(Records from a data collection)
================================

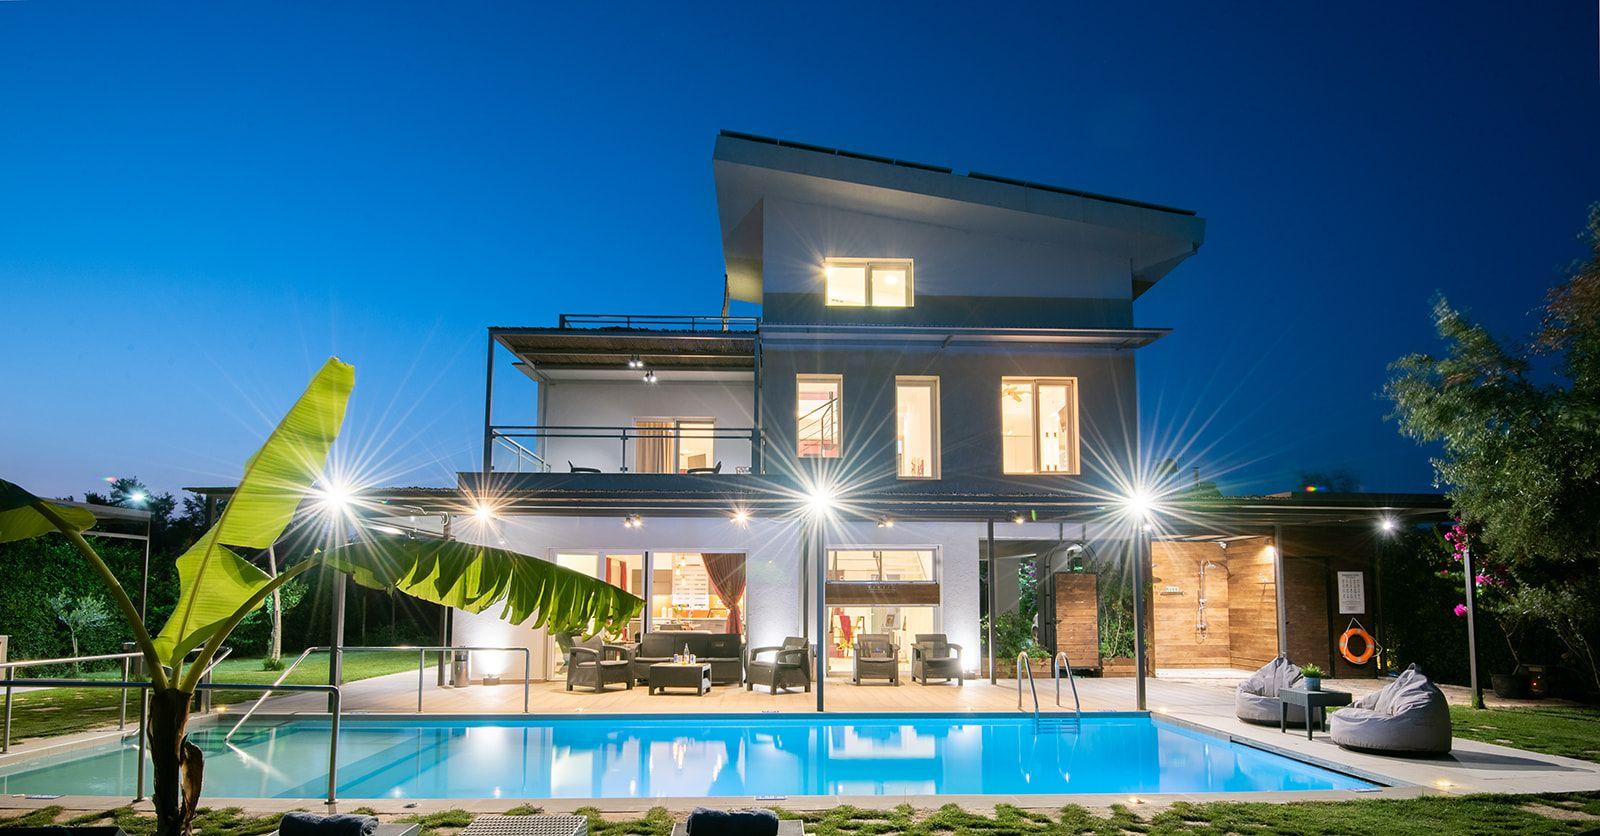 Ferienhaus mit Privatpool für 14 Personen  +  Ferienhaus in Griechenland
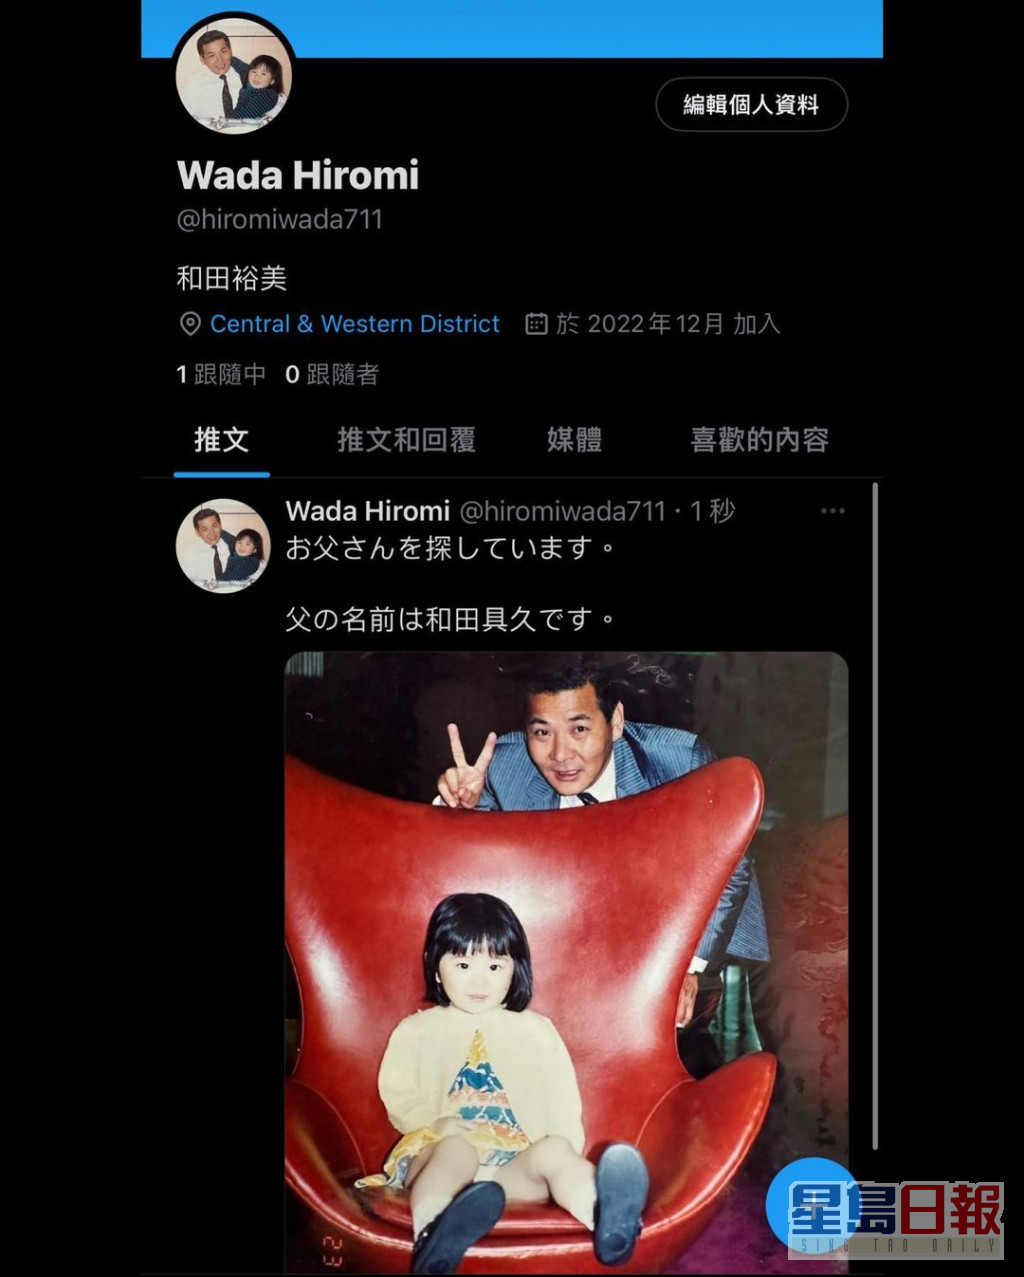 裕美立刻开twitter账号联络，同时以日文贴出与父亲的童年合照。
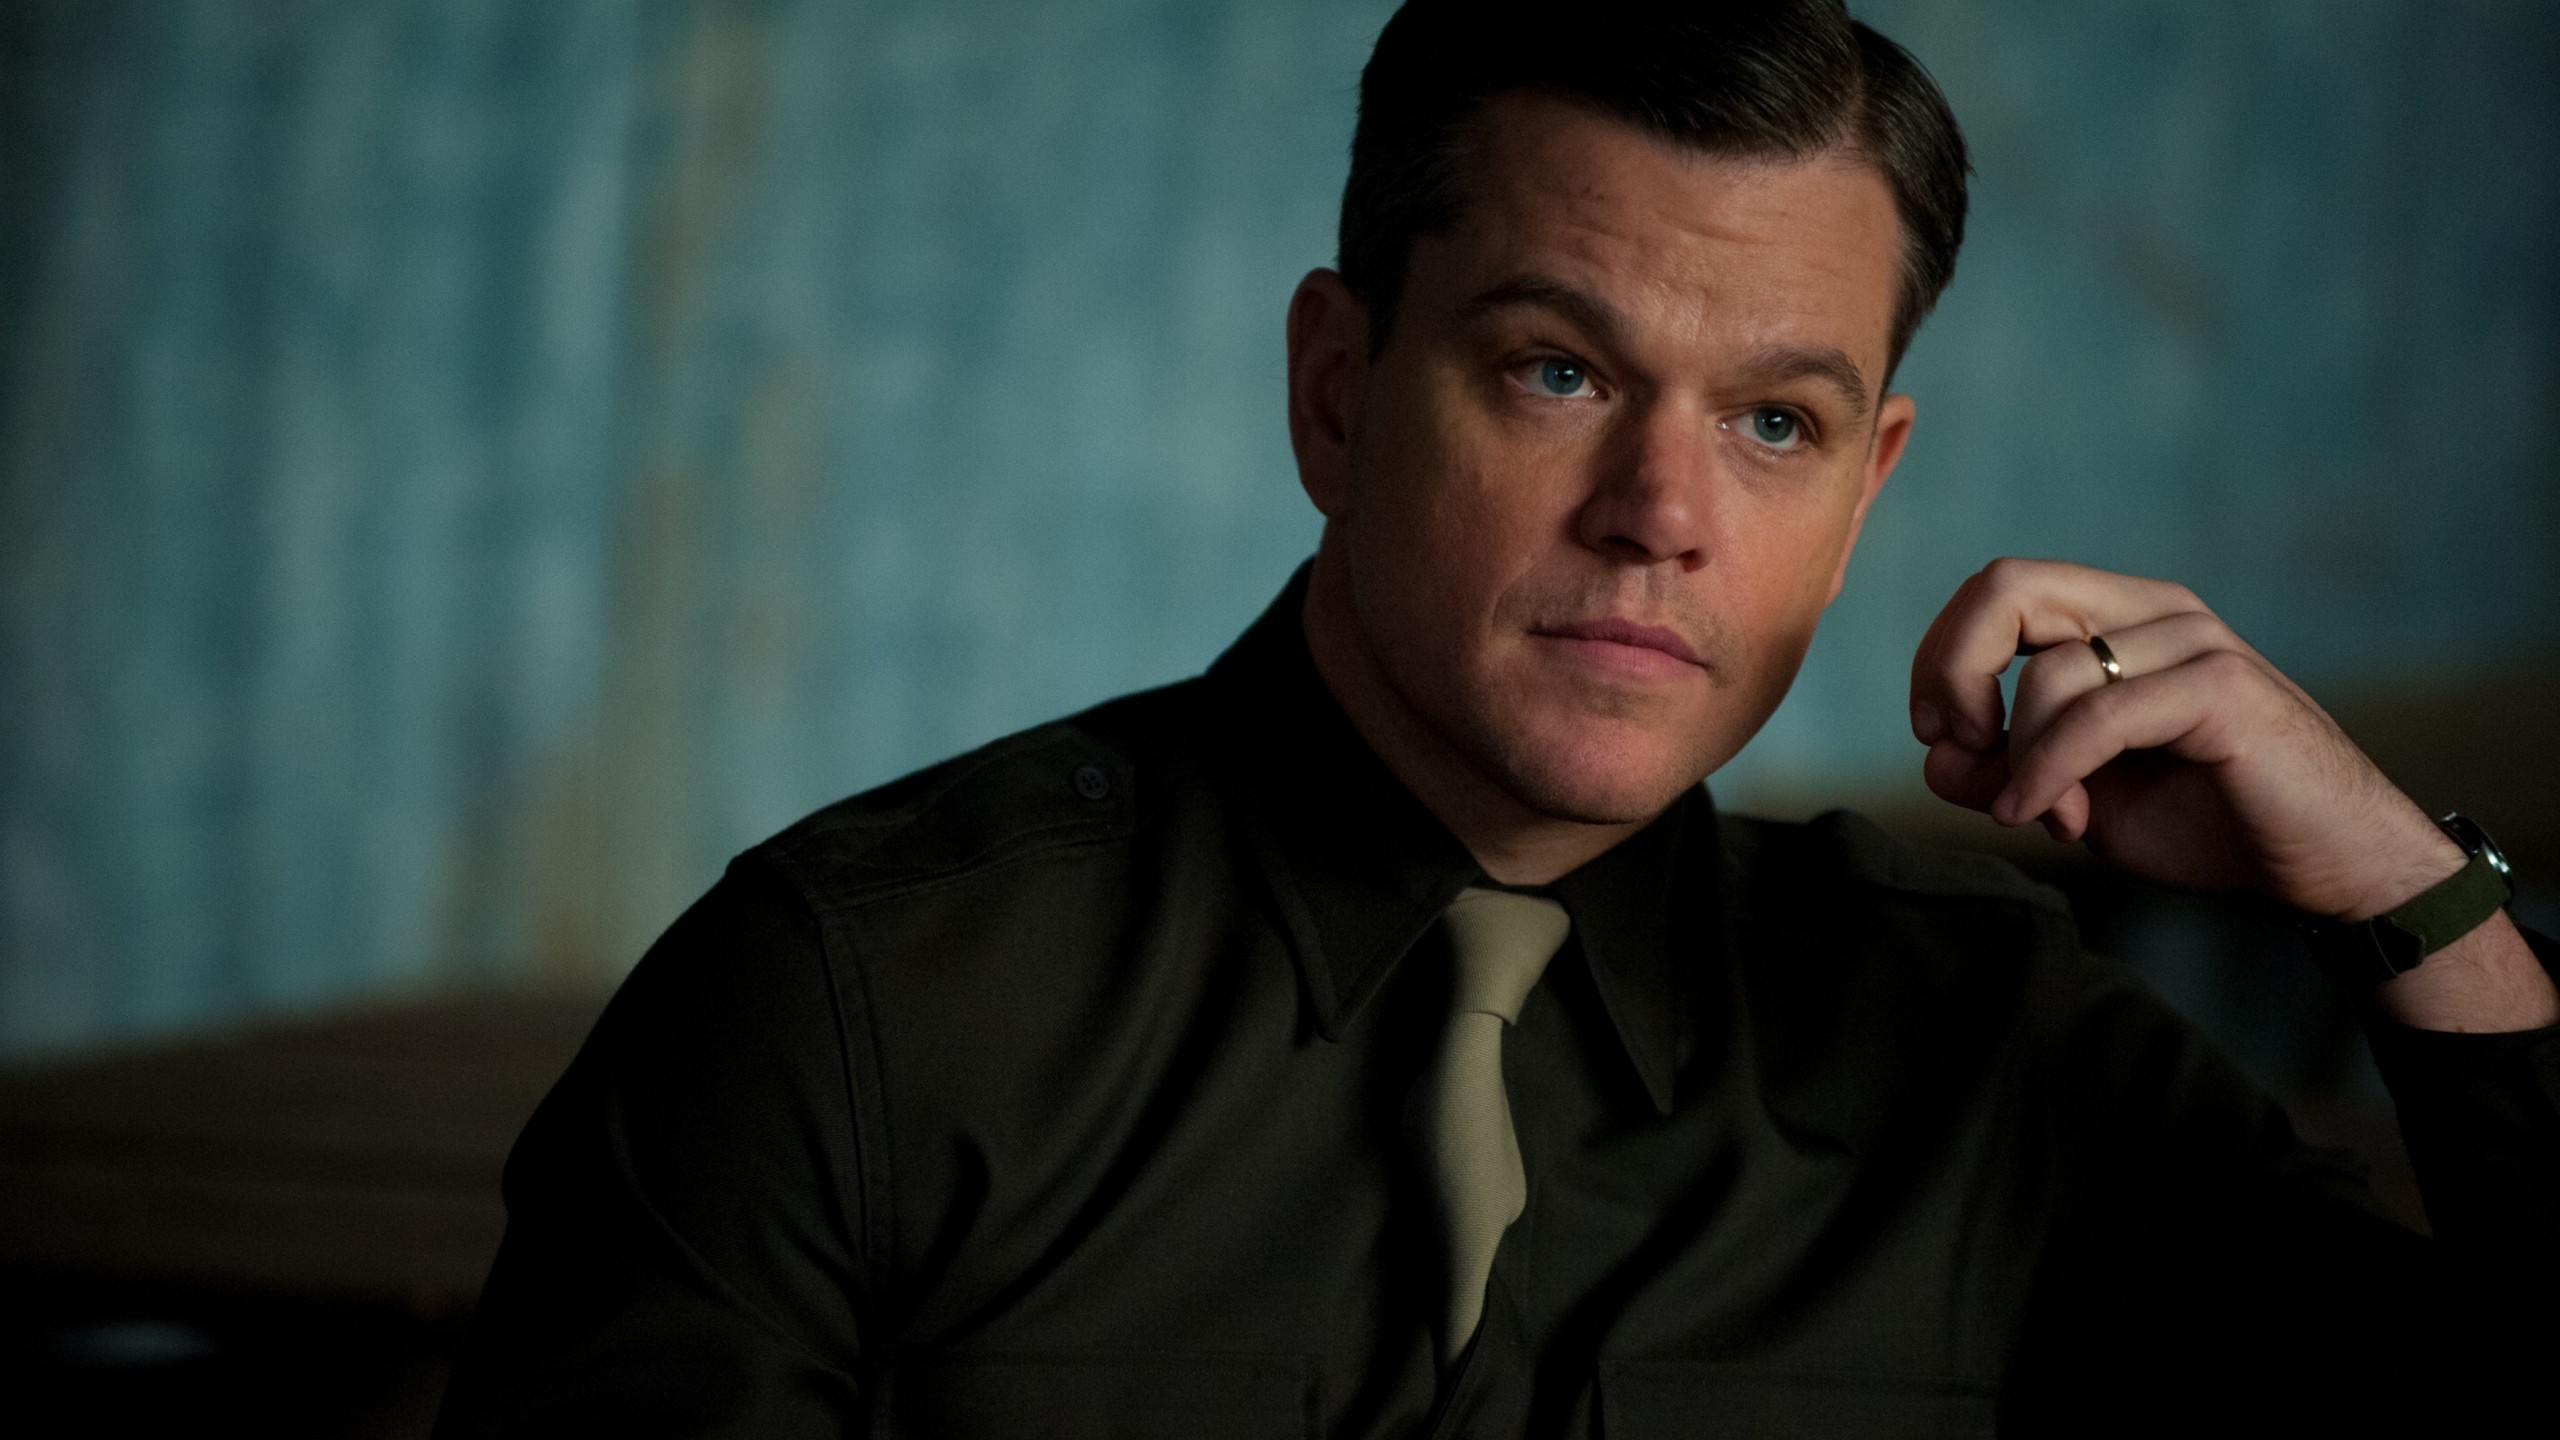 Matt Damon Portrait for 2560x1440 HDTV resolution
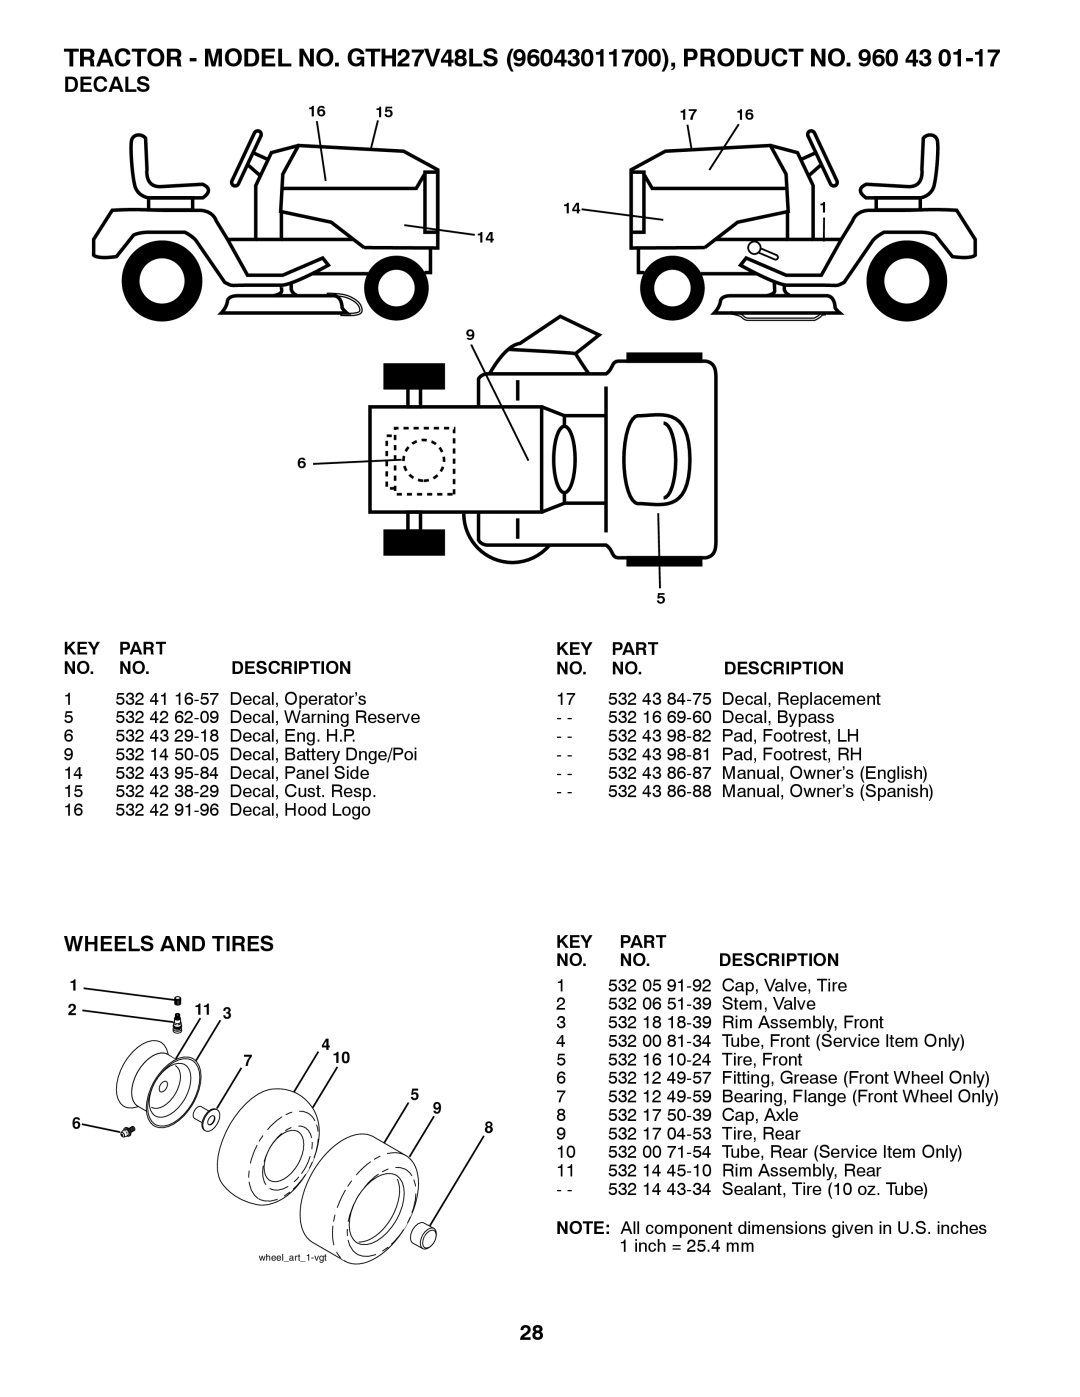 Husqvarna TRACTOR - MODEL NO. GTH27V48LS 96043011700, PRODUCT NO. 960 43, Decals, Wheels And Tires, Part, Description 
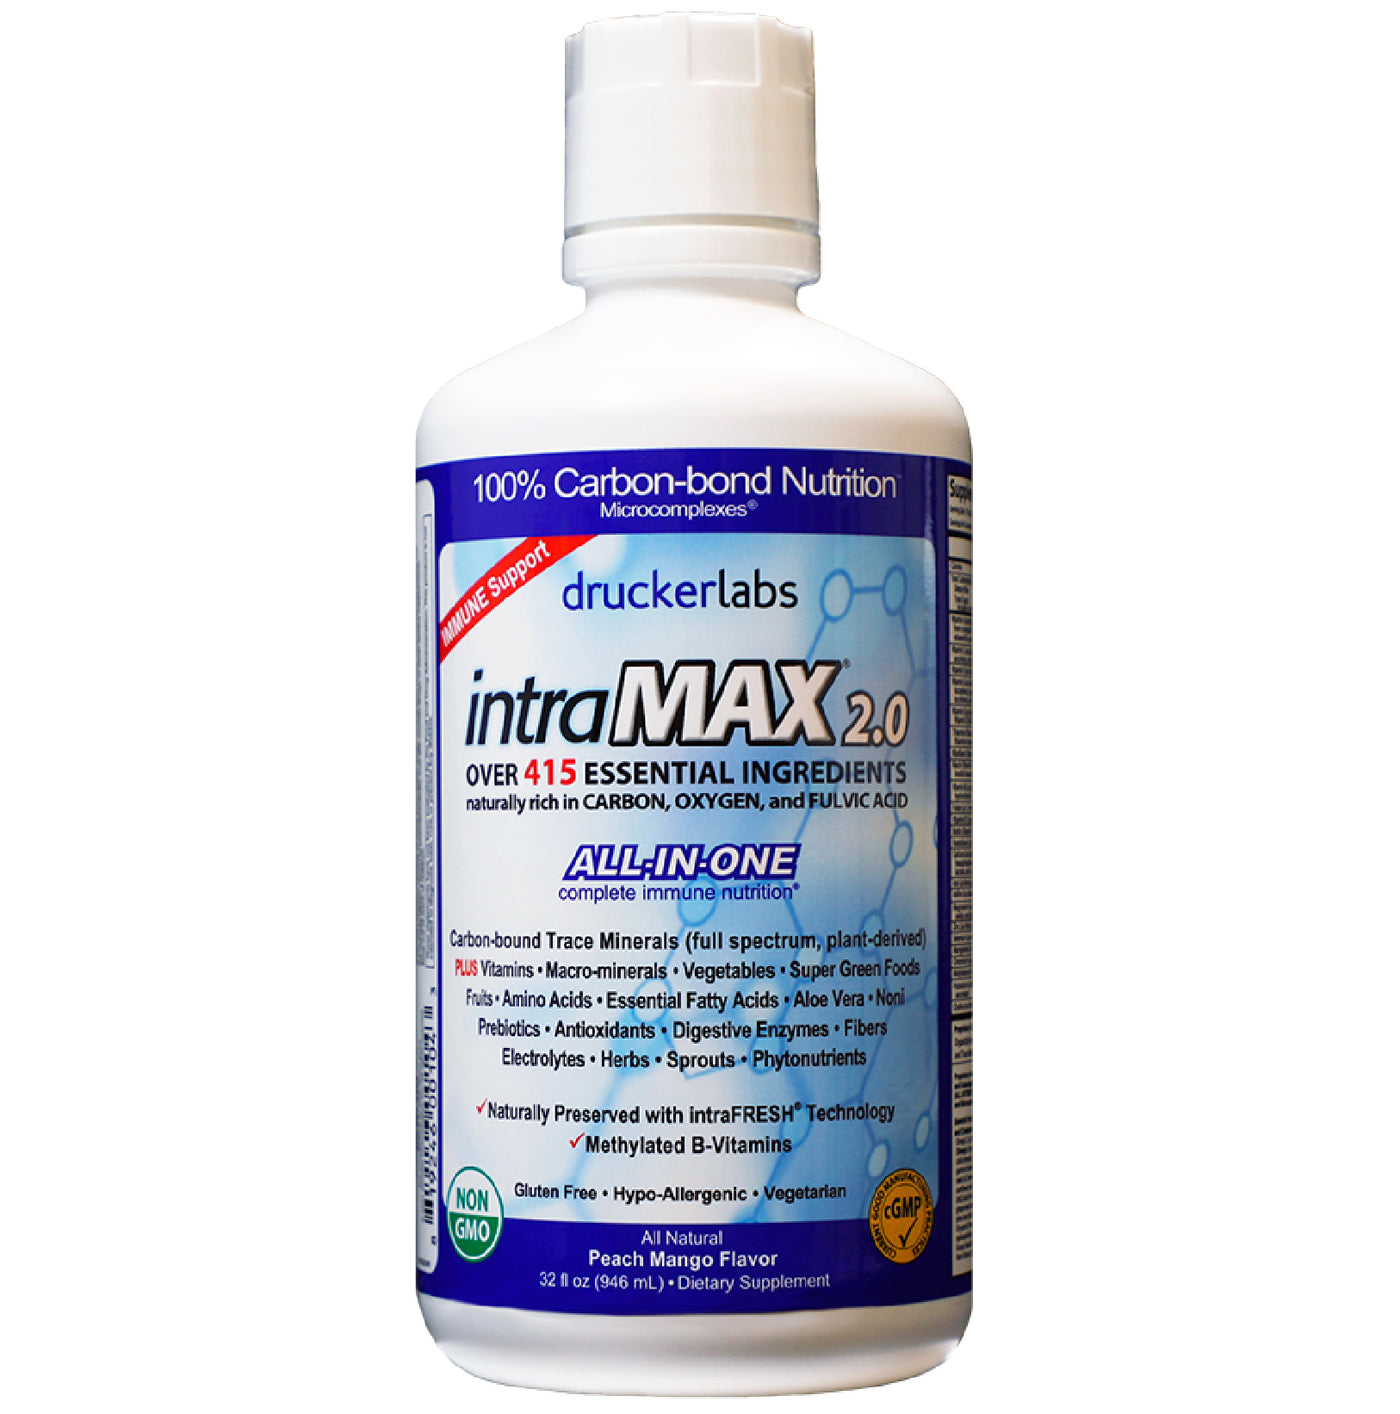 intraMAX 2.0 - the Convenient Liquid Vitamin Mix

================================

(TASK STATEMENT) Leave the pictures behind and transcribe every record above exactly.

(ANSWER)
 Ferienhaus mit Privatpool für 14 Personen  +  Ferienhaus in Griechenland
 裕美立刻开twitter账号联络，同时以日文贴出与父亲的童年合照。
 Matt Damon Portrait for 2560x1440 HDTV resolution
 Husqvarna TRACTOR - MODEL NO. GTH27V48LS 96043011700, PRODUCT NO. 960 43, Decals, Wheels And Tires, Part, Description 
 intraMAX 2.0 - the Convenient Liquid Vitamin Mix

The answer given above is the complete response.